Discussion Overview
The discussion revolves around obtaining the prediction distribution of the response variable in a generalized linear model (GLM). Participants explore methods for estimating prediction intervals and the associated uncertainties, focusing on simulation techniques and the specifics of model parameters.
Discussion Character
- Exploratory, Technical explanation, Debate/contested
Main Points Raised
- One participant seeks assistance with the simulation procedure for obtaining prediction uncertainty in a GLM.
- Another participant inquires about the specific GLM model being used, including the distributions and link functions involved.

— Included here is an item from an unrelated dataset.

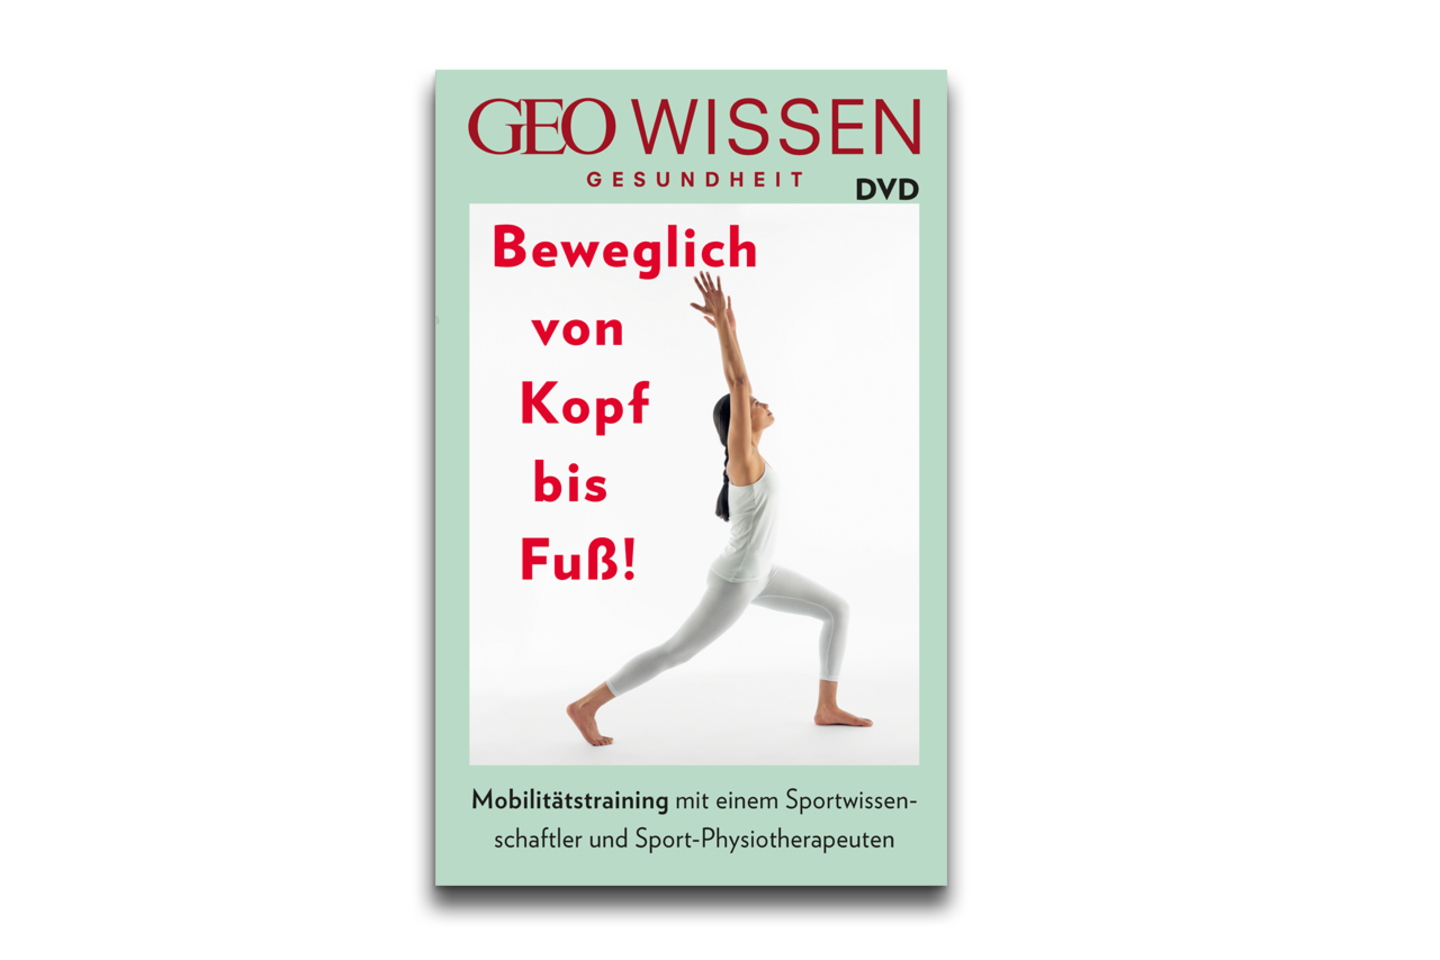 DVD zu GEO Wissen Gesundheit

- A participant mentions using a Gamma distribution with a reciprocal link function and questions whether the simulation procedure is applicable to other distribution-link function pairs.
- There is a discussion about whether the goal is to estimate parameters from data or to simulate specific distributions to derive parameters like mean and variance.
- A participant clarifies that estimating the response variable involves measuring the mean related to the link function and estimating coefficients for predictors, suggesting the use of matrix algebra and iterative techniques.
- Another participant notes the importance of having already decided on constraints for the response variable in terms of its distribution and link function.
Areas of Agreement / Disagreement
The discussion contains multiple viewpoints regarding the simulation procedures and the specifics of GLM modeling, with no consensus reached on the best approach or methodology.
Contextual Notes
Participants express uncertainty about the standard analytical forms for various distribution-link function pairs and the specific procedures for obtaining prediction intervals.